- [Assignment]:
Could you output each line below precisely as it stands, without the images?

- [Supplied material]:
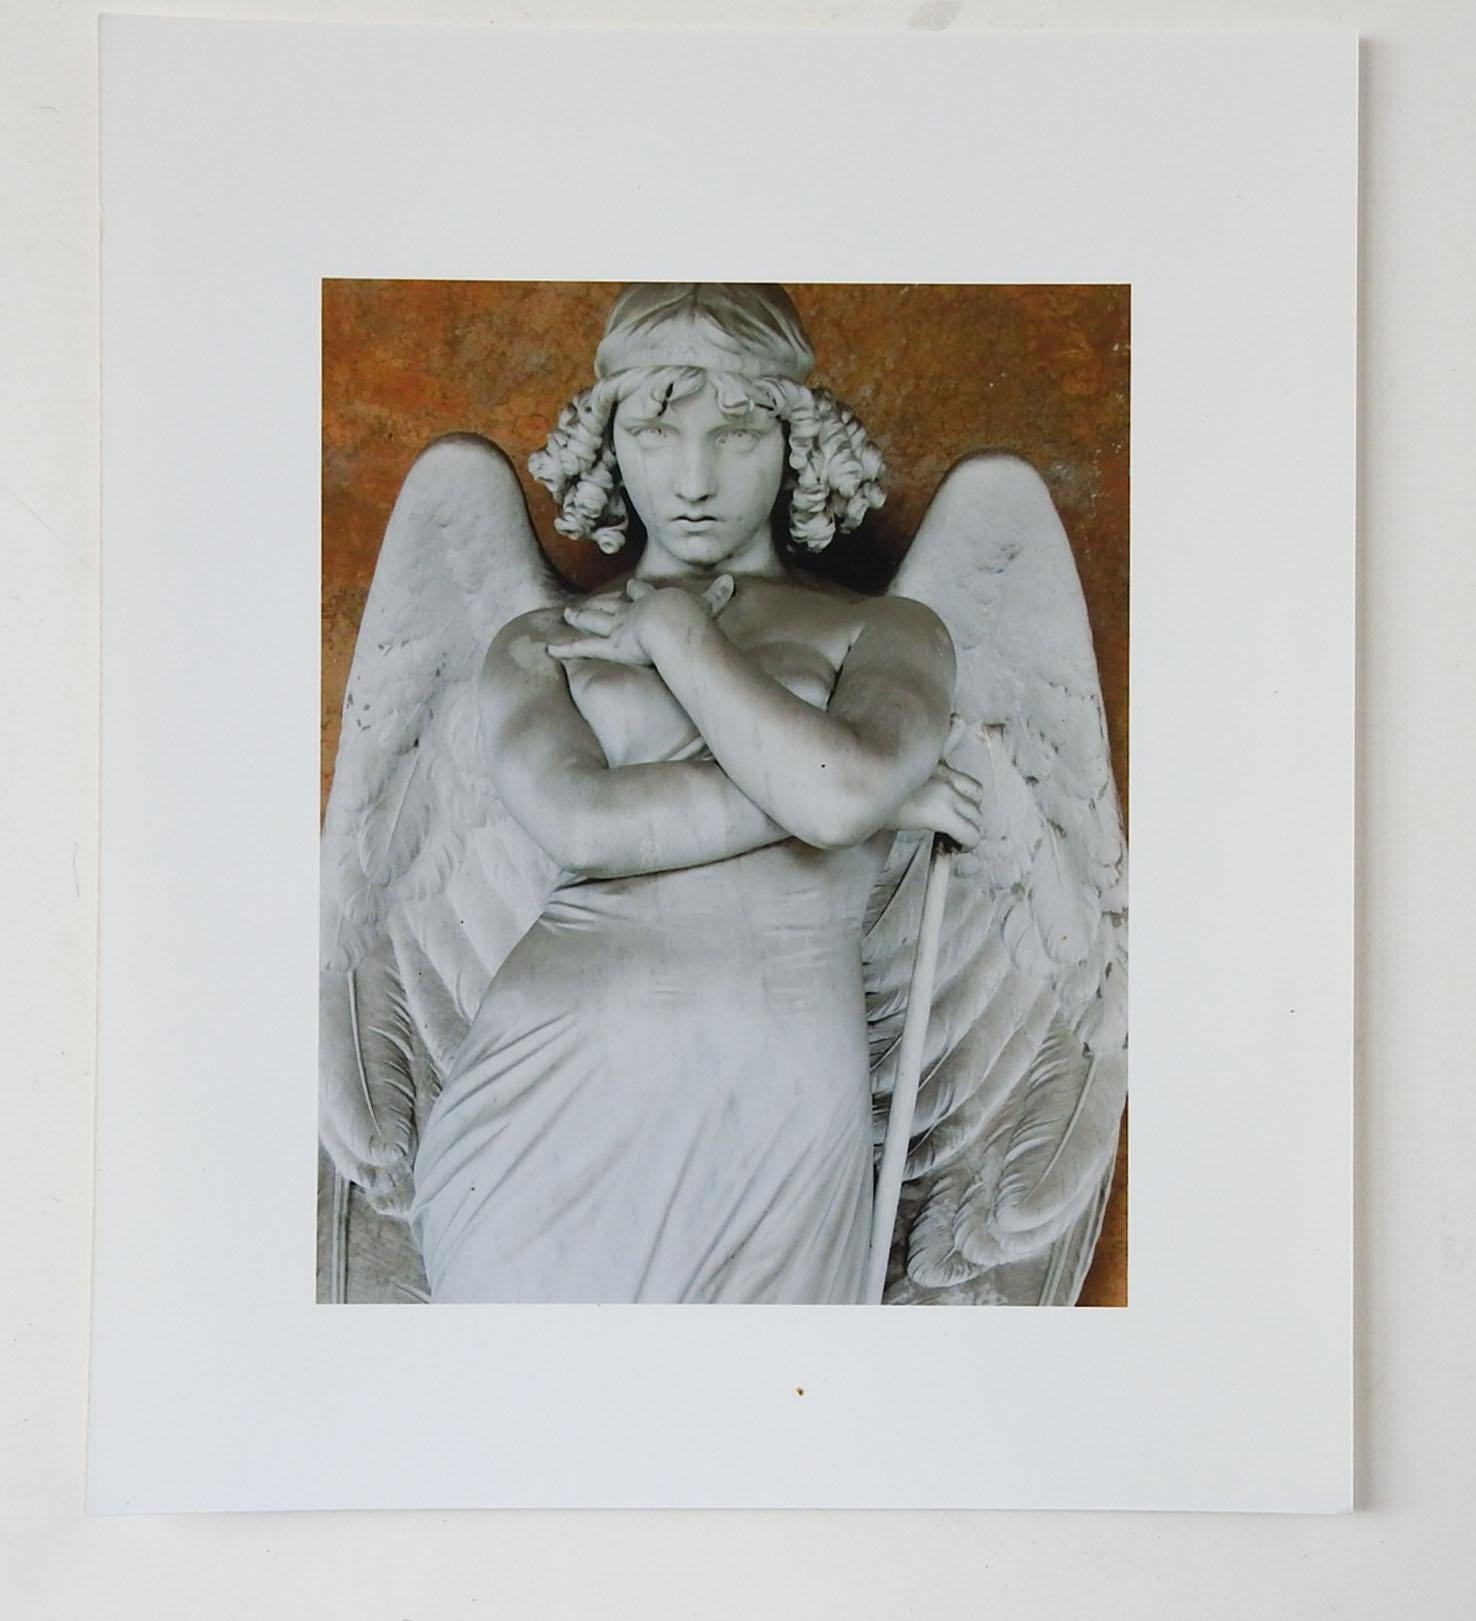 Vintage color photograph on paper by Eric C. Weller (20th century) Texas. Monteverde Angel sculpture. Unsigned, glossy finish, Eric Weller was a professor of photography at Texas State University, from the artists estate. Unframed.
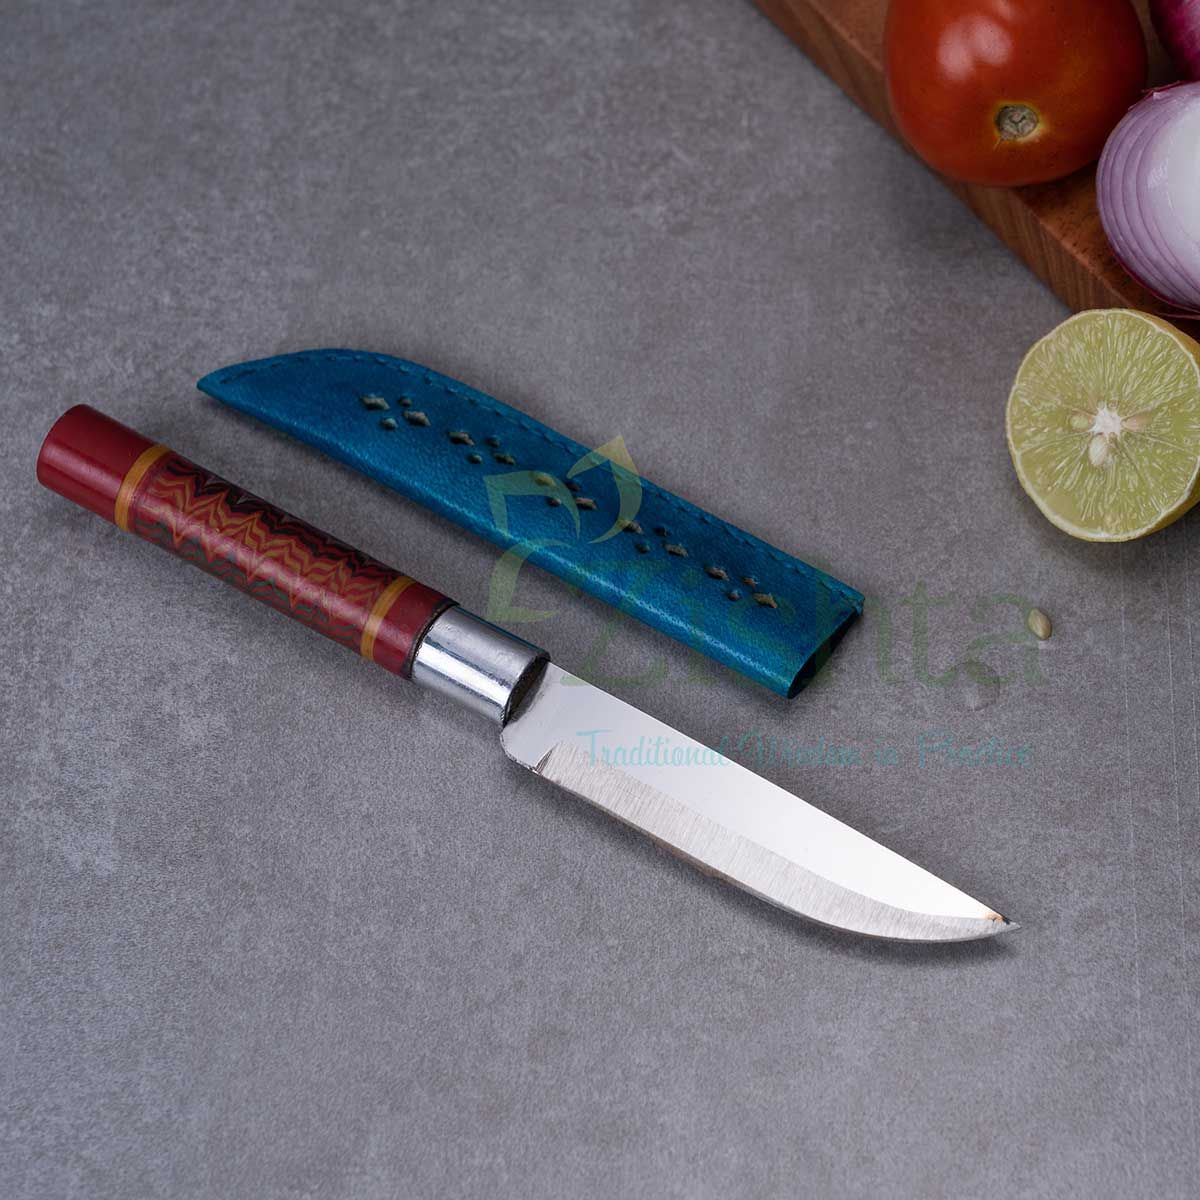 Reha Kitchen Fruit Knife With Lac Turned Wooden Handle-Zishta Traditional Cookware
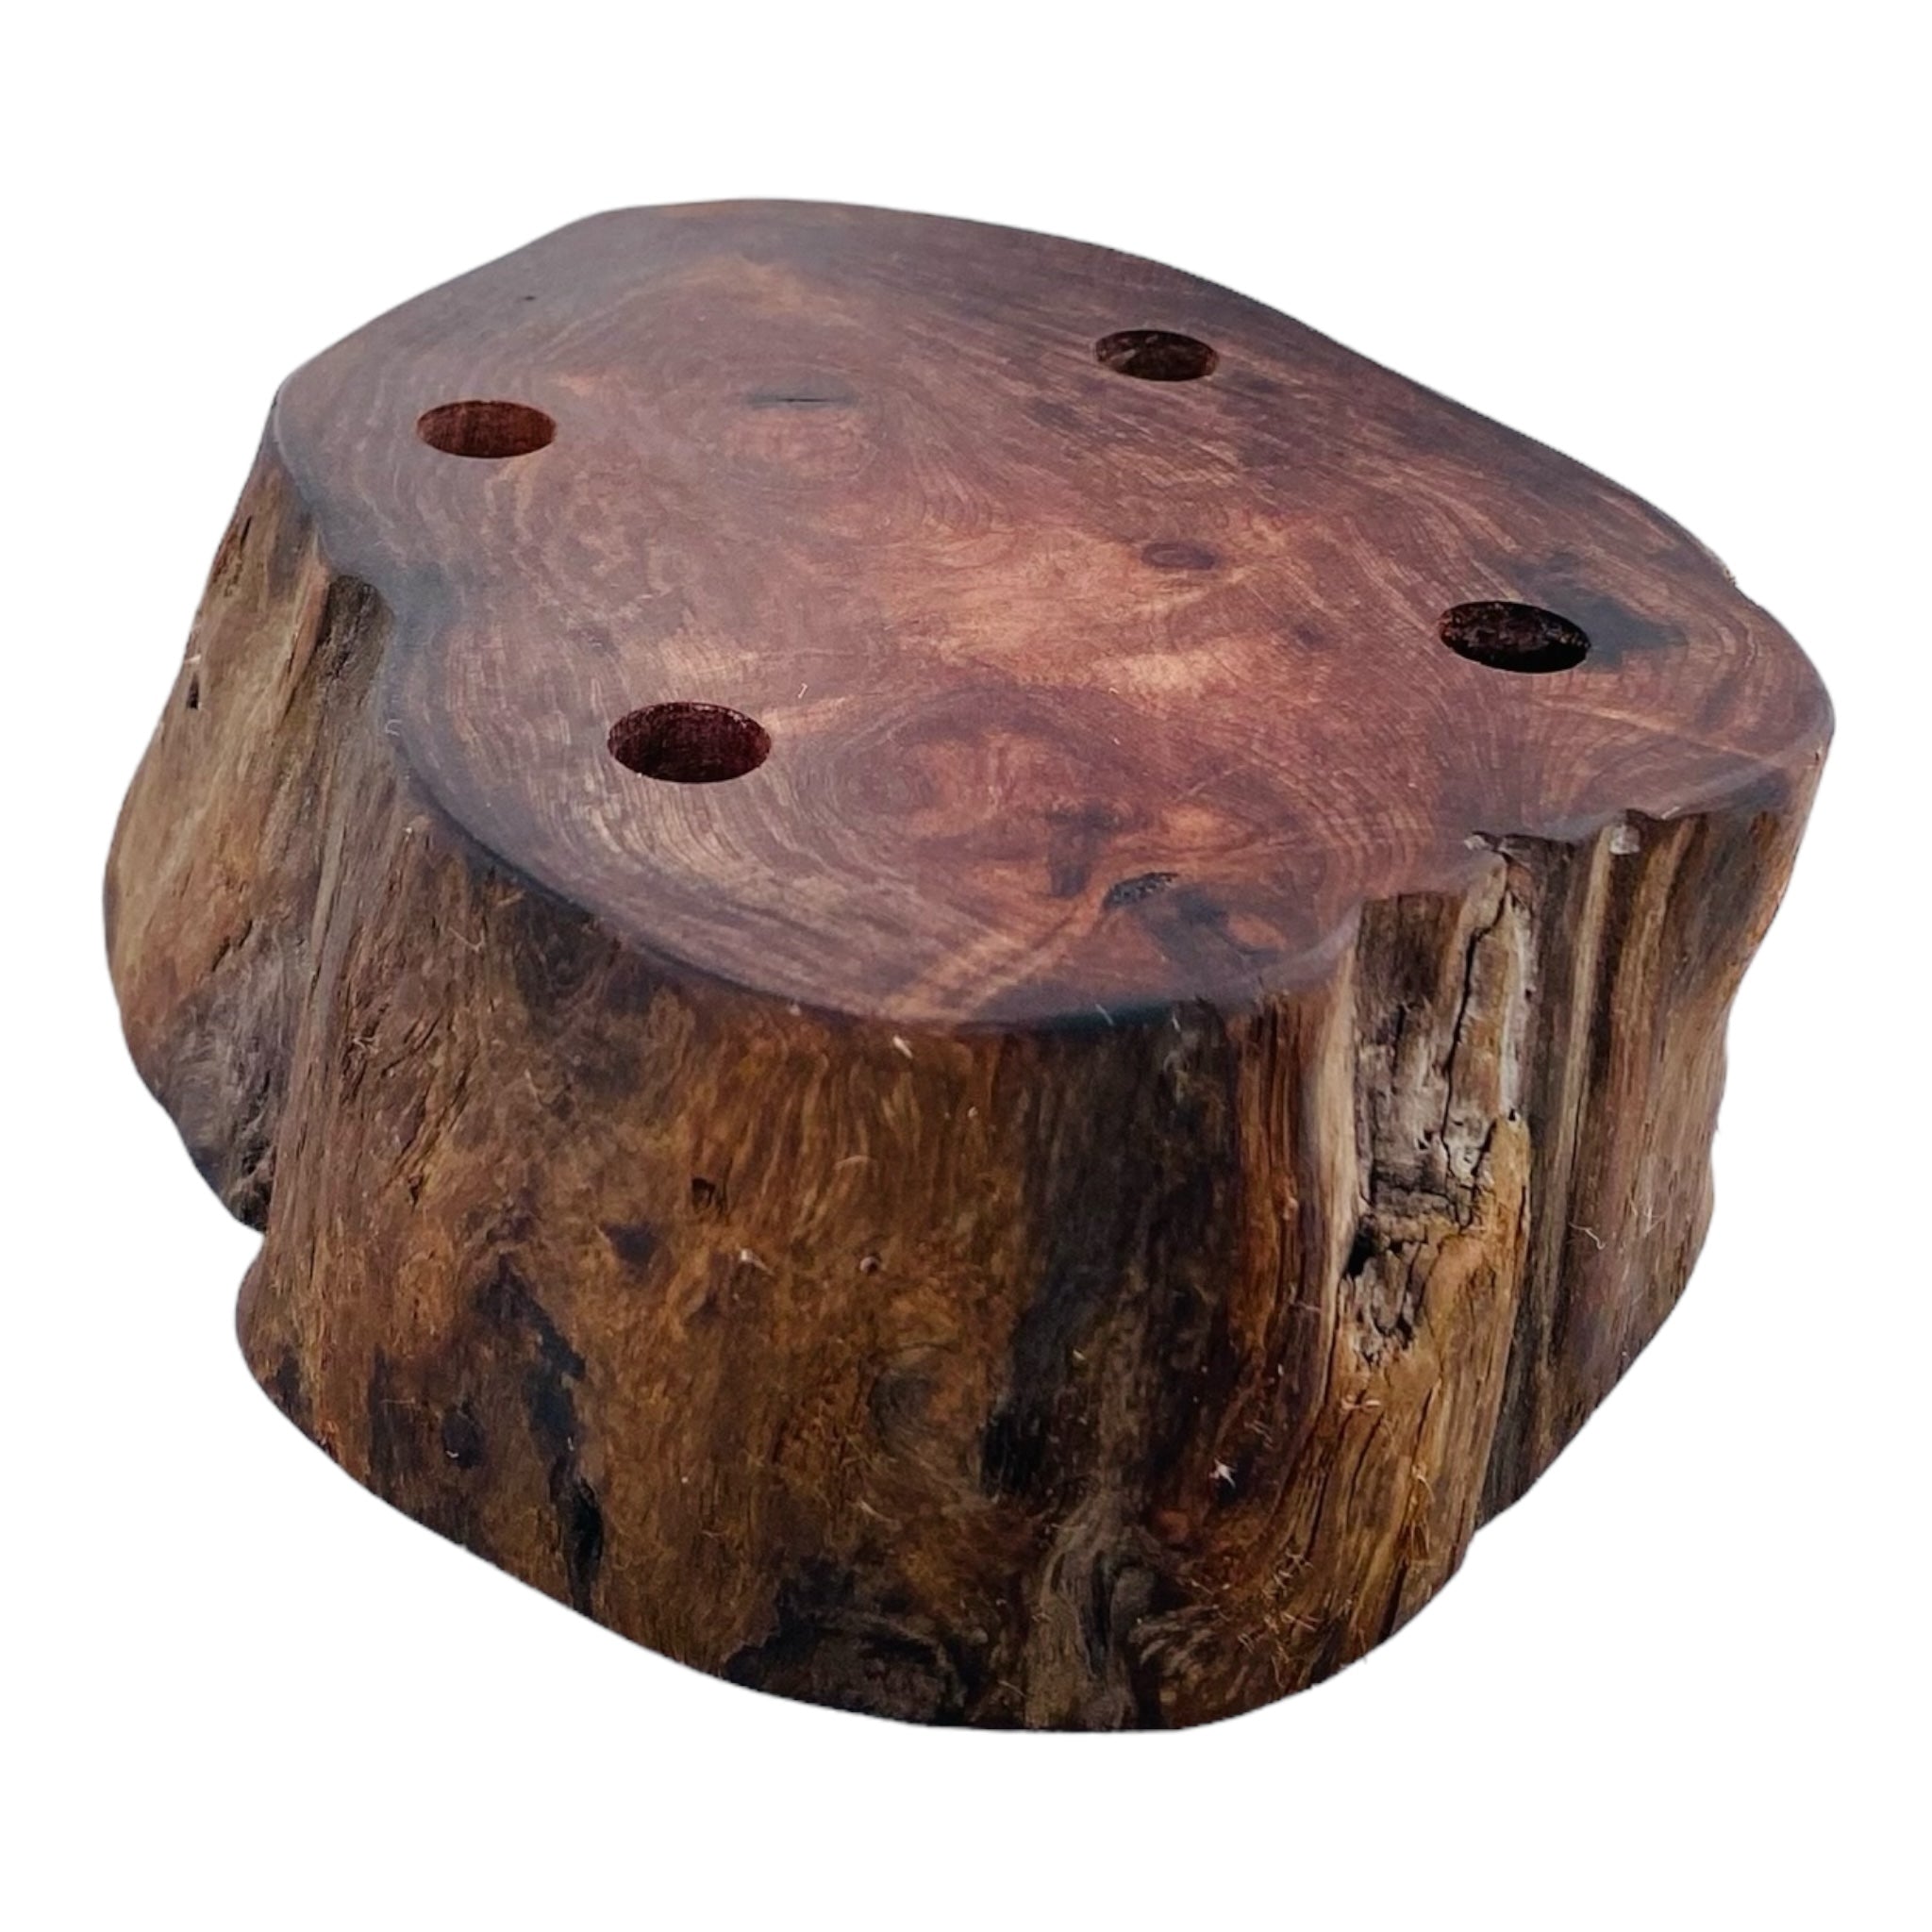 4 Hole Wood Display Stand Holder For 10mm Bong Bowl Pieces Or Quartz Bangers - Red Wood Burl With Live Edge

- [Exercise output]:
 Vintage color photograph on paper by Eric C. Weller (20th century) Texas. Monteverde Angel sculpture. Unsigned, glossy finish, Eric Weller was a professor of photography at Texas State University, from the artists estate. Unframed.
 Reha Kitchen Fruit Knife With Lac Turned Wooden Handle-Zishta Traditional Cookware
 4 Hole Wood Display Stand Holder For 10mm Bong Bowl Pieces Or Quartz Bangers - Red Wood Burl With Live Edge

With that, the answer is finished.